Preparing the Coated Flask and Dissociating the Cells

• To prepare new flasks for the passaged cells, coat T25 flasks with 10 µg/ml human fibronectin in EMEM for 4 hours, or overnight, in a 37°C tissue culture incubator. Right before passaging the cells, remove the fibronectin solution and rinse the flasks with PBS.

• Transfer the old "conditioned" media from the cells to be passaged to the new fibronectin-coated flasks (such that half the final volume of media for each flask will be the "conditioned" media). These culturing conditions help keep these cells in their undifferentiated state.

• Once all of the media is removed from the cells to be passaged, rinse the cells once with PBS. Take care to not dry out the cells.

• Add Cell Dissociation Buffer (CDB) directly onto the cells (1.0-1.5 ml for a T25 flask). Incubate cells in the buffer for about 5 minutes at room temperature. Gently tapping the flask will help speed up cell detachment.

Centrifuging, Resuspending, and Plating Cells

• Add serum-containing media (DMEM:F12 with 10% heat-inactivated fetal bovine serum) (use ~3X the volume of CDB) to the flask with detached cells. Remove the media and cells to a 15 ml conical tube. Use a small volume of fresh serum-containing media to rinse the flask and recover residual cells.

• Centrifuge the media and cells at 1000 rpm (~200xg) for 5 minutes.

• Suction off the serum-containing media and resuspend the cells in fresh culture media, pipetting up and down to make a homogeneous cell suspension.

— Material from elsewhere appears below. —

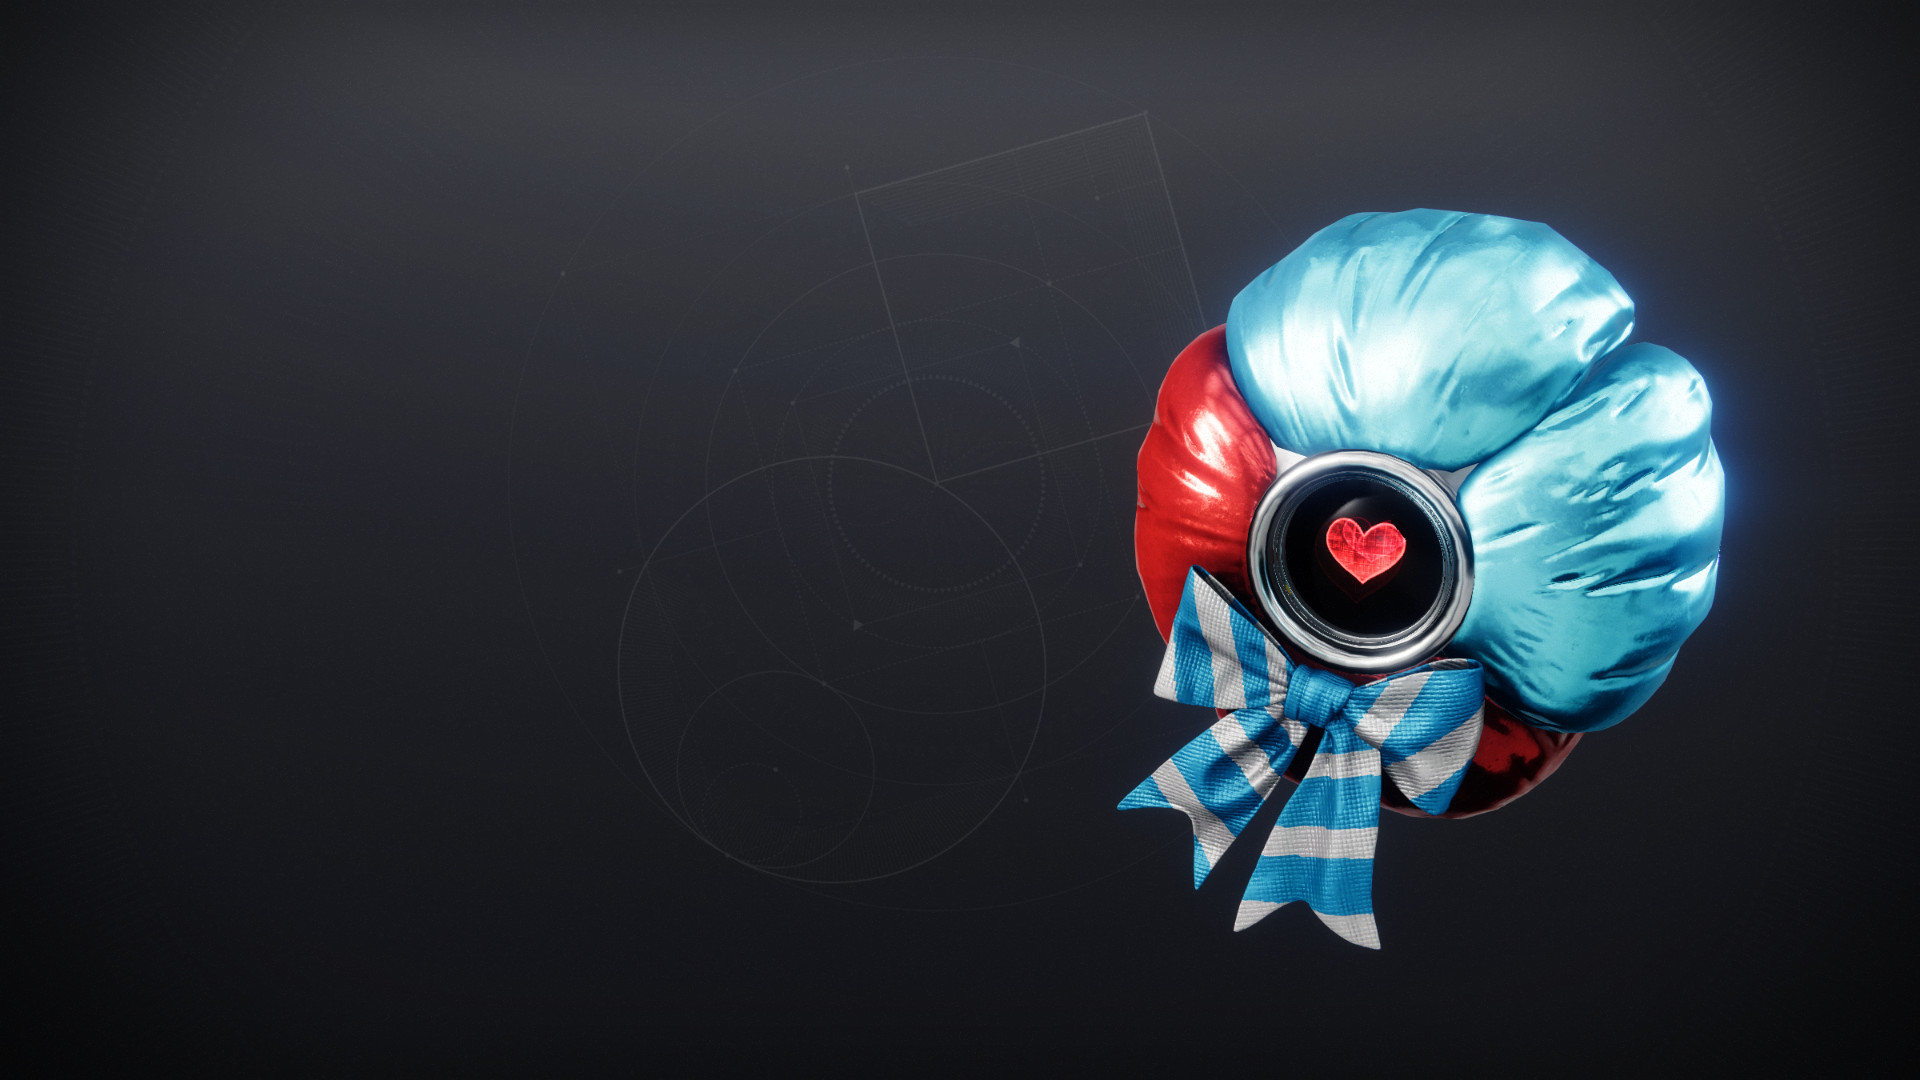 An in-game render of the Tenderhearted Shell.

• Transfer half of the resuspended cells into each new flask for a 1:2 split. Note the new passage number on the flask.

Discussion

We have found that this protocol provides reliable cultures of hNSPCs. One critical factor for our cells is that they need to be kept as fairly dense cultures and cannot be passaged to the point that the cells are sparse. In our hands, sparse cultures grow very slowly or completely cease dividing. For this reason, we usually split our cultures 1:2 or 1:3 when a culture is extremely dense. Coating the surface of a culture dish with fibronectin is important since it promotes good cell attachment and migration, but, unlike laminin, it also permits the use of Cell Dissociation Buffer (CDB) to detach cells. Cell attachment to laminin is too strong and requires the use of a proteolytic enzyme (e.g. trypsin) for cell detachment. Non-enzymatic CDB is preferred to trypsin since proteolytic cleavage of cell surface proteins may lead to morphological changes in hNSPCs over time. Also, culturing hNSCPs in conditioned media helps maintain these cells in their undifferentiated state.